2.经济力的挖掘(第5/6页)
遗憾的是,能够达到长冈乡这样运作状态的并不多。在合作社的发展过程中,像苏维埃这样拥有强大控制力且承担着为社会主义准备发展条件责任的政权,面对着商业精神和经营能力均十分缺乏的社会现实,政府推动之手仍然非常明显:
有许多合作社向来不举行社员大会,他们未曾以社员为合作社的主体。许多地方合作社的同志都回答我们,认区委区苏是他们的上级机关,因此,像汀州市粮食合作社就根本忘记了自己的社员,合作社的监察委员会竟不由社员所选举,而由风马牛不相关的其它组织(当然在某种意义上),如工会、政府、列宁书局等委派代表来组织。[134]

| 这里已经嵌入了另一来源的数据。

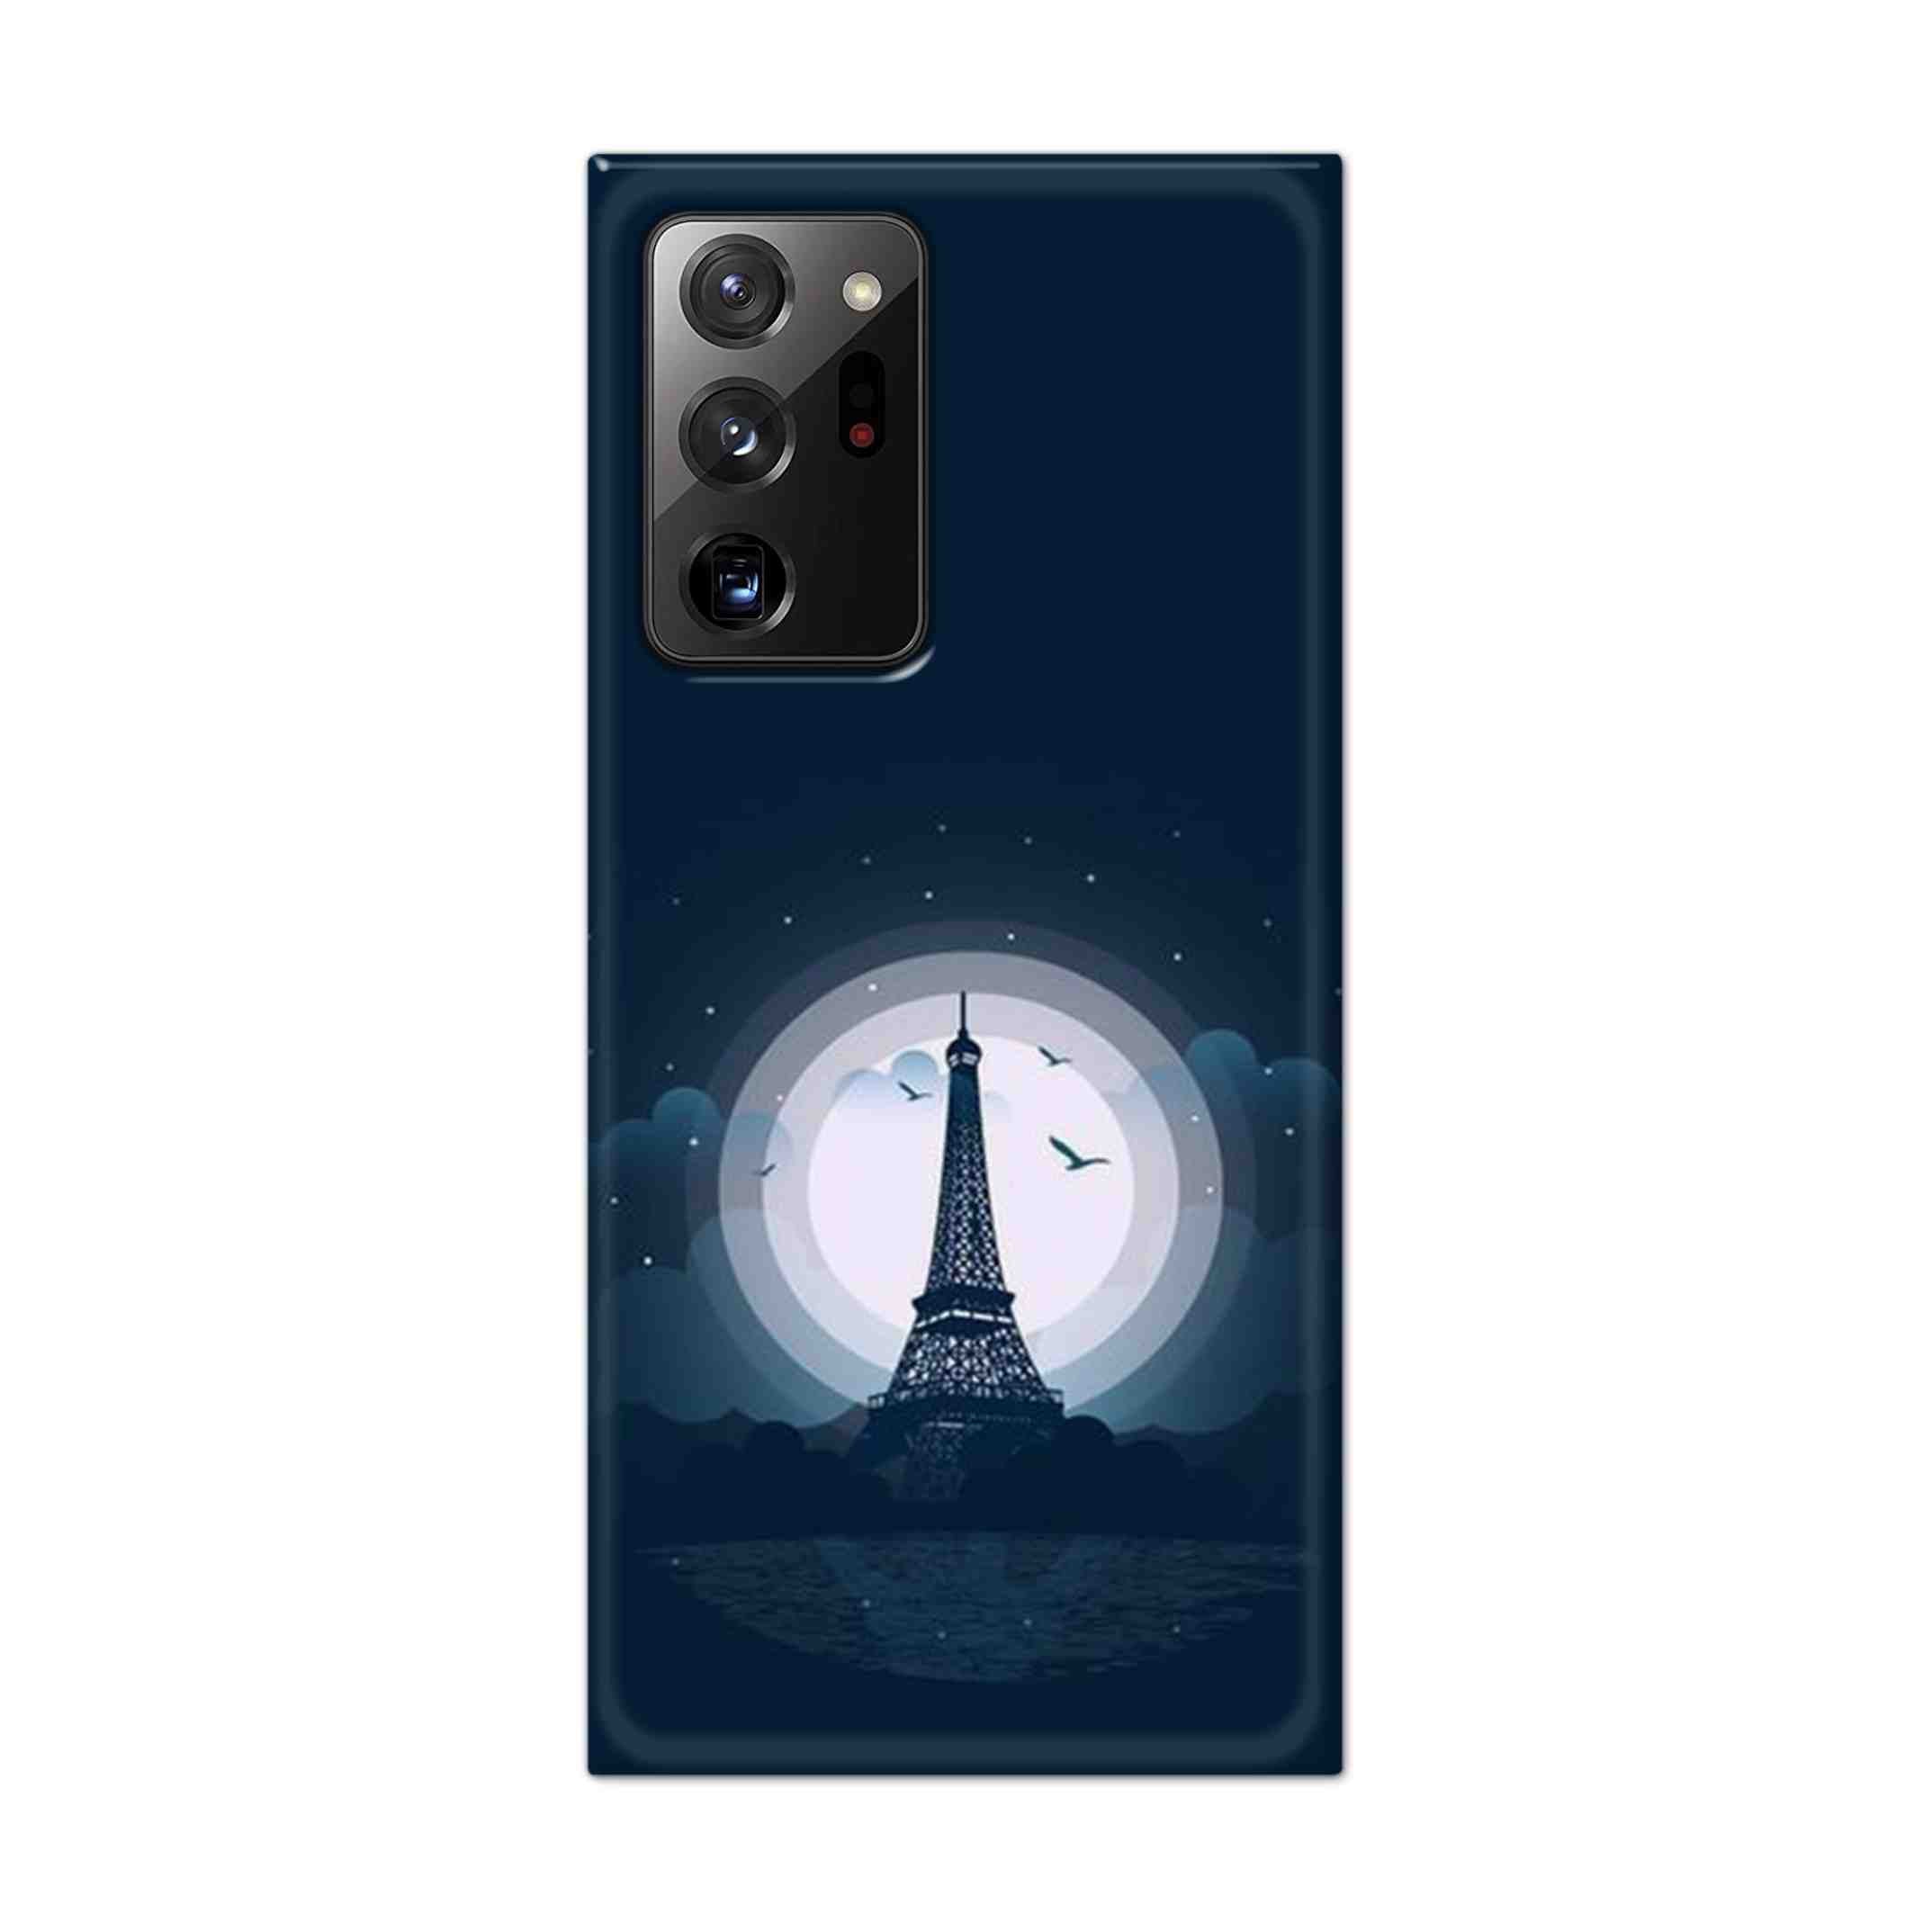 Buy Paris Eiffel Tower Hard Back Mobile Phone Case Cover For Samsung Galaxy Note 20 Ultra Online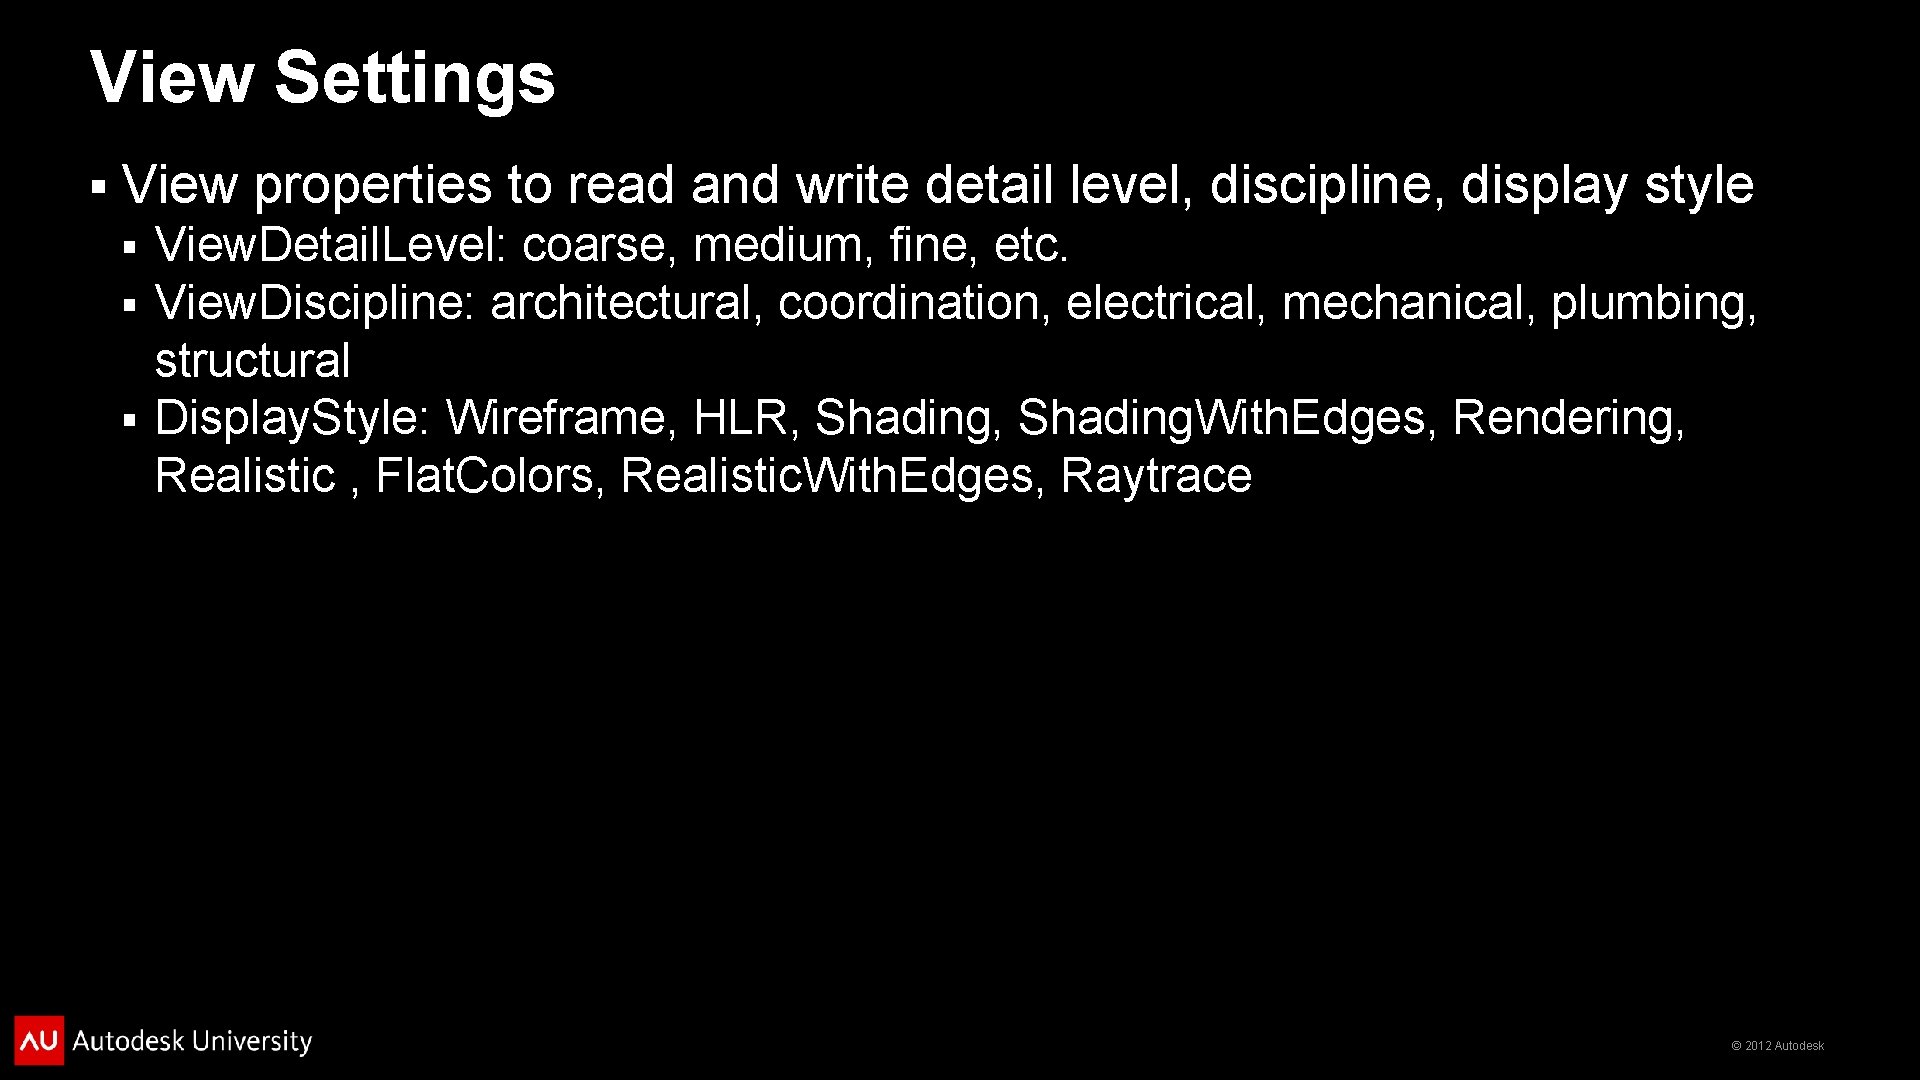 View Settings § View properties to read and write detail level, discipline, display style

政治力的推动的确促进了合作社的发展,表现出高效率的一面,但滋生的问题也不容忽视。按照当时中共领导人的解释,合作社“应该是在经济战线上反对投机商人与富农的剥削,打破敌人封锁的生力军”,[135]是阶级斗争在经济战线上的反映。因此,中共对合作社给予了资源和政策上的大力支持,尤其是消费合作社,被赋予“便利工农群众贱价购买日常所用之必需品,以抵制投机商人之操纵”[136]的任务,其结果,在合作社发展较好地区,实际上取代商人成为农村商品供给的主要来源。以兴国为例,1933~1934年,“全县合作社的营业(包括进出货),十一十二两月为十一万二千元,一二两月为十二万二千元,这就是说,每月平均有三万元以上的商品,是经过了消费合作社的系统,供给兴国群众的消费者”。[137]对于当时只剩17万人口的兴国而言,每月3万元的商品供应,全年即为36万元,合作社人均供应两元多商品。根据1930年代的调查,江西新淦谦益村870余人,每年的农业用品和生活用品购买总量约3200余元,[138]每人均摊约3.68元。考虑到谦益村地处平原,未受到战争严重影响,生活相对安定,基数要高一些,兴国两元多的商品供应意味着合作社几乎已经包揽了该县的商品供应。[139]事实上,毛泽东在上杭才溪乡的调查就发现,这里“卖‘外货’的私人商店,除一家江西人开的药店外,全区绝迹(逐渐削弱至此),只圩日有个把子私人卖盐的,但土产如豆腐等,私人卖的还有”。[140]所以,正如当时报告所指出的,中央苏区的合作社“极大多数不是发展苏区经济,便利工农群众,而是一部分群众集股的商店,大多数是政府没收的店子或出资办的。实际上都是垄断市场图谋赚钱,根本违犯了合作社组织的原则与作用”。[141]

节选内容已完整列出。